For more details on the analytical signal and its spectrum, see the chapter Analytical Signal and its Spectral Function of the book "Signal Representation".
The spectrum of the analytical signal at the output of the functional unit is:
- $$Y_+(f) = {1.1 \,\rm V} \cdot {\rm \delta}(f- {2 \,\rm kHz}) + {0.25 \,\rm V} \cdot {\rm e}^{\rm j \hspace{0.05cm}\cdot \hspace{0.05cm} 60^{\circ} } \cdot \delta(f- {3 \,\rm kHz})+ {0.05 \,\rm V} \cdot {\rm e}^{-\rm j \hspace{0.05cm}\cdot \hspace{0.05cm} 90^{\circ} } \cdot \delta(f- {5 \,\rm kHz}).$$
The bottom sketch shows the difference signal $\varepsilon(t) = y(t) - x(t)$. A measure of the distortion created in the system is the "distortion power" referenced to the resistance $R = 1 \ \rm \Omega$ .
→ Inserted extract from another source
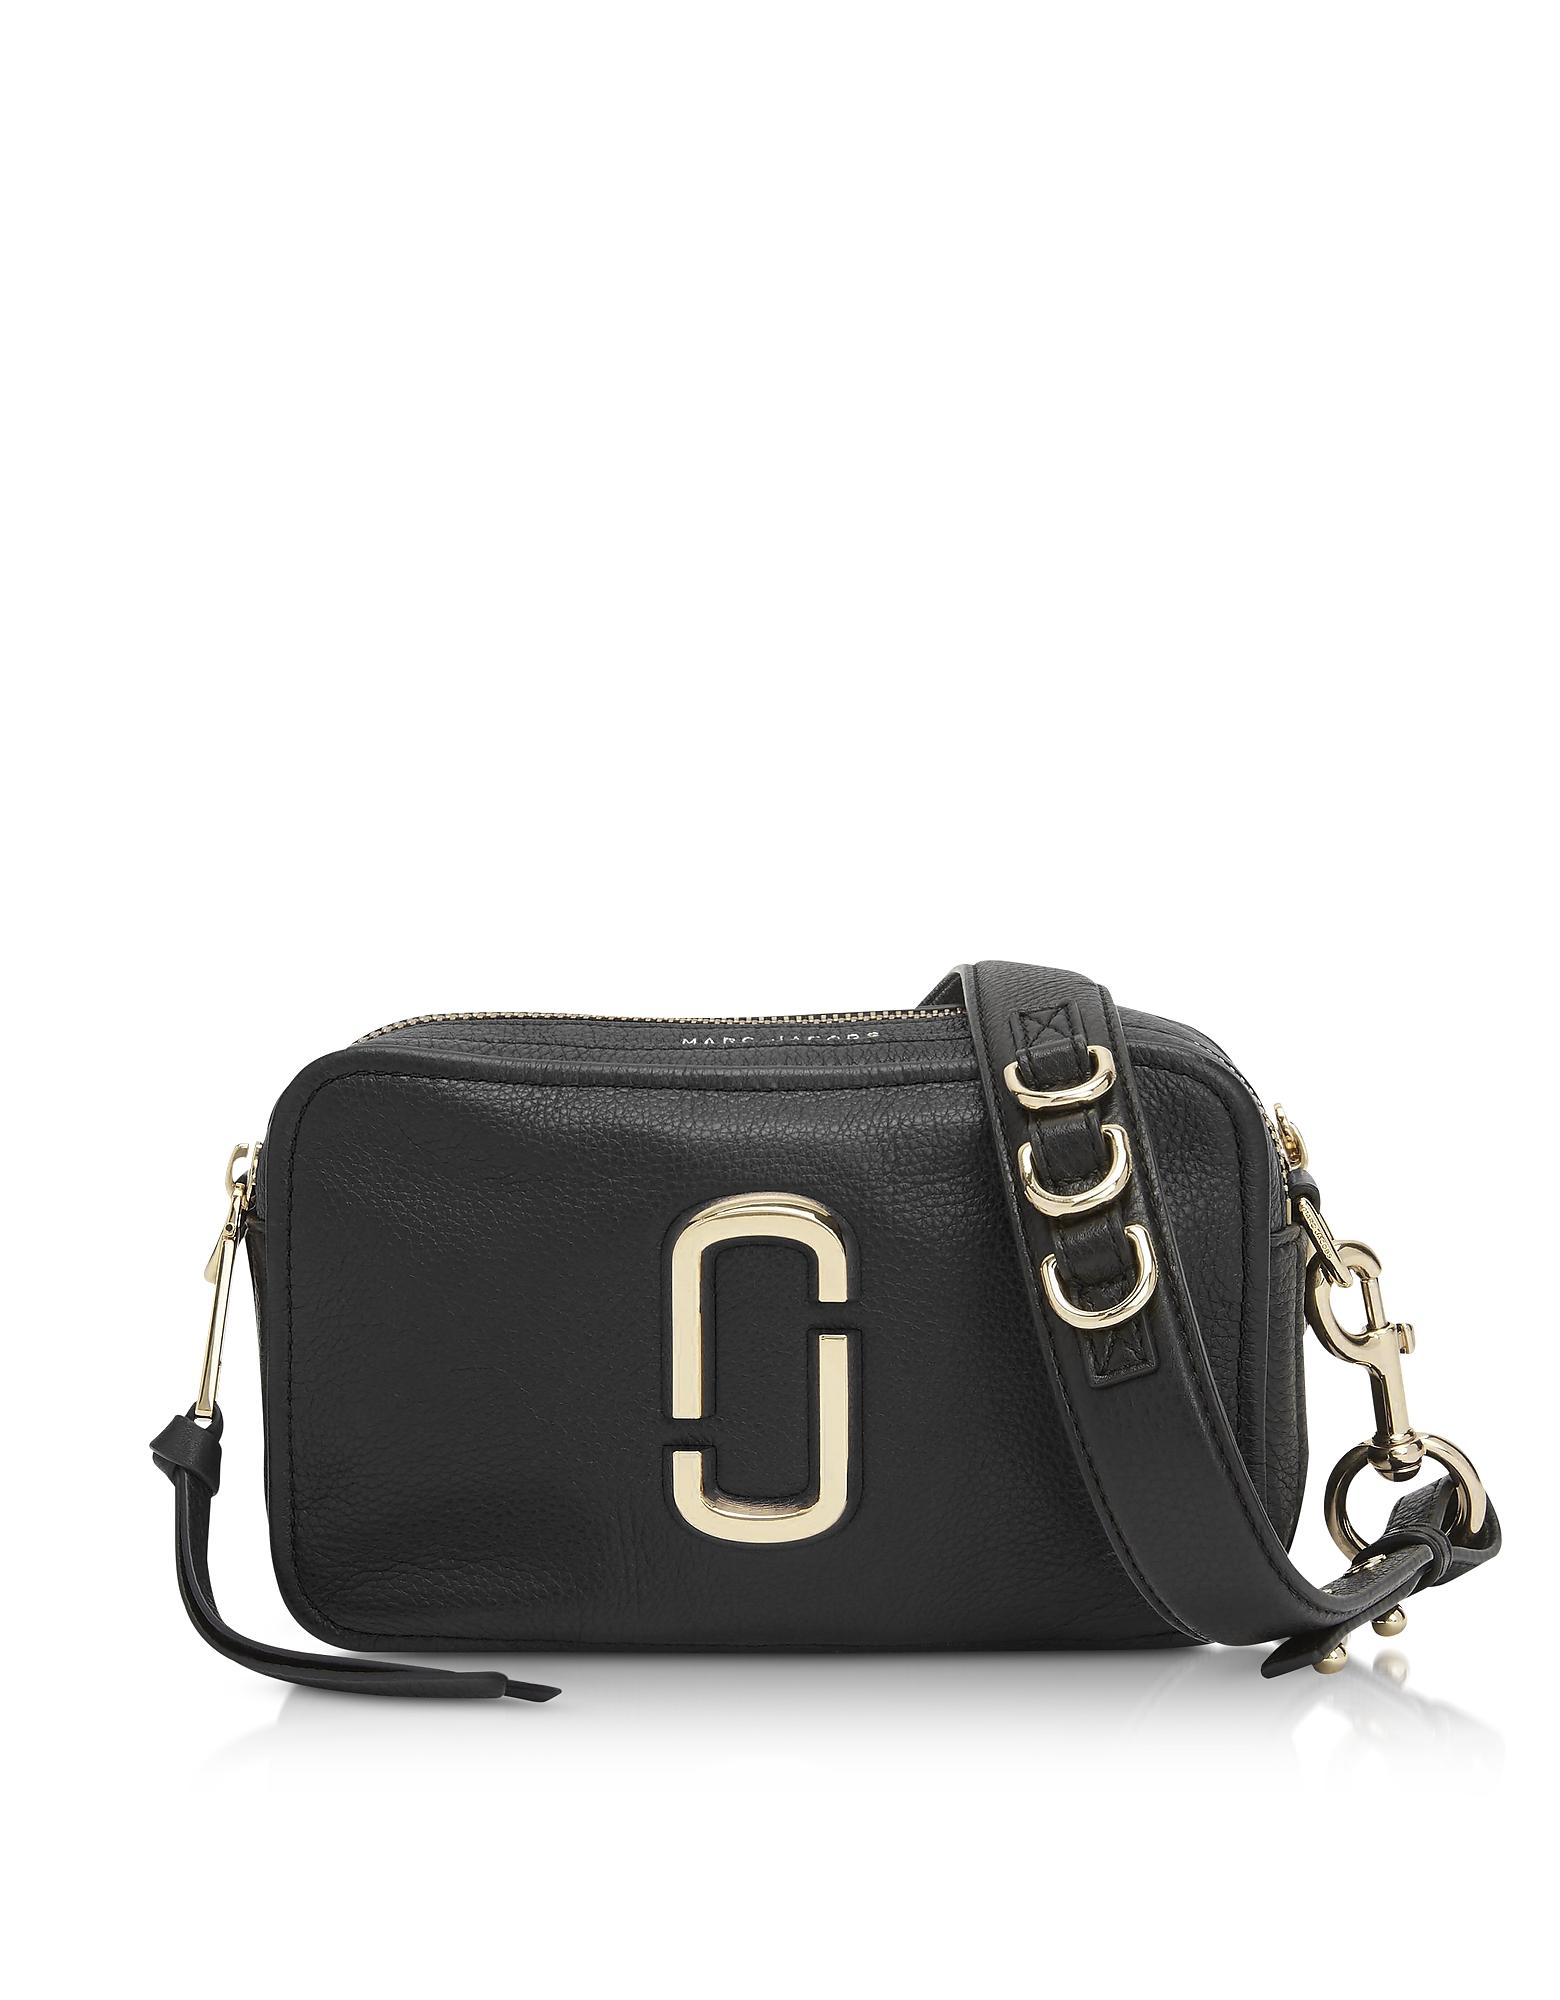 The Softshot 21 Shoulder Bag

- $$P_{\rm V} = \overline{\varepsilon^2(t)} = \frac{1}{T_{\rm 0}} \cdot \int_{0}^{ T_{\rm 0}} {\varepsilon^2(t) }\hspace{0.1cm}{\rm d}t.$$
It should be noted that the distortion power can also be calculated in the spectral domain – in fact, in a simpler way here.
The power $P_x$ of the input signal $x(t)$ is defined in an analogous way. As a quantitative measure of the strength of the distortions the signal–to–distortion–power ratio is specified, which is usually expressed logarithmically (in dB):
- $$10 \cdot {\rm lg} \hspace{0.1cm}\rho_{\rm V} = 10 \cdot {\rm lg} \hspace{0.1cm}{ P_{x}}/{P_{\rm V}} \hspace{0.05cm}.$$
Please note:
- The exercise belongs to the chapter Classification of the Distortions.
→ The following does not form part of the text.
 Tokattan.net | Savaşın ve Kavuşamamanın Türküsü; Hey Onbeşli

- All powers queried here refer to the resistance $R = 1 \ \rm \Omega$ and thus have the unit ${\rm V}^2$.
- The power of a (real) signal $x(t)$ can also be computed using the spectral function $X(f)$ :
- $$P_{x} =\frac{1}{T_{\rm 0}} \cdot\int_{-\infty}^{ \infty} x^2(t)\hspace{0.1cm}{\rm d}t = \frac{1}{T_{\rm 0}} \cdot \int_{-\infty}^{ \infty} |X(f)|^2\hspace{0.1cm}{\rm d}f.$$
Questions
Solution
(1) Answer 2 is correct:
- The greatest common divisor of $f_1 = 2 \ \rm kHz$ and $f_2 = 3 \ \rm kHz$ is $f_0 = 1 \ \rm kHz$.
- Hence, the period is $T_0 = 1/f_0 = 1 \ \rm ms$.
- Due to the phase term ${\rm e}^{{\rm j} \hspace{0.05cm}\cdot \hspace{0.05cm}90^\circ}$ the signal is:
- $$x(t) = {1 \, \rm V} \cdot {\rm cos}(2\pi f_1 t ) - {0.2 \, \rm V} \cdot {\rm sin}(2\pi f_2 t ).$$
(2) To compute the power in the time domain the signal $x(t) = x_1(t) + x_2(t)$ must be squared and averaged over a suitable time interval.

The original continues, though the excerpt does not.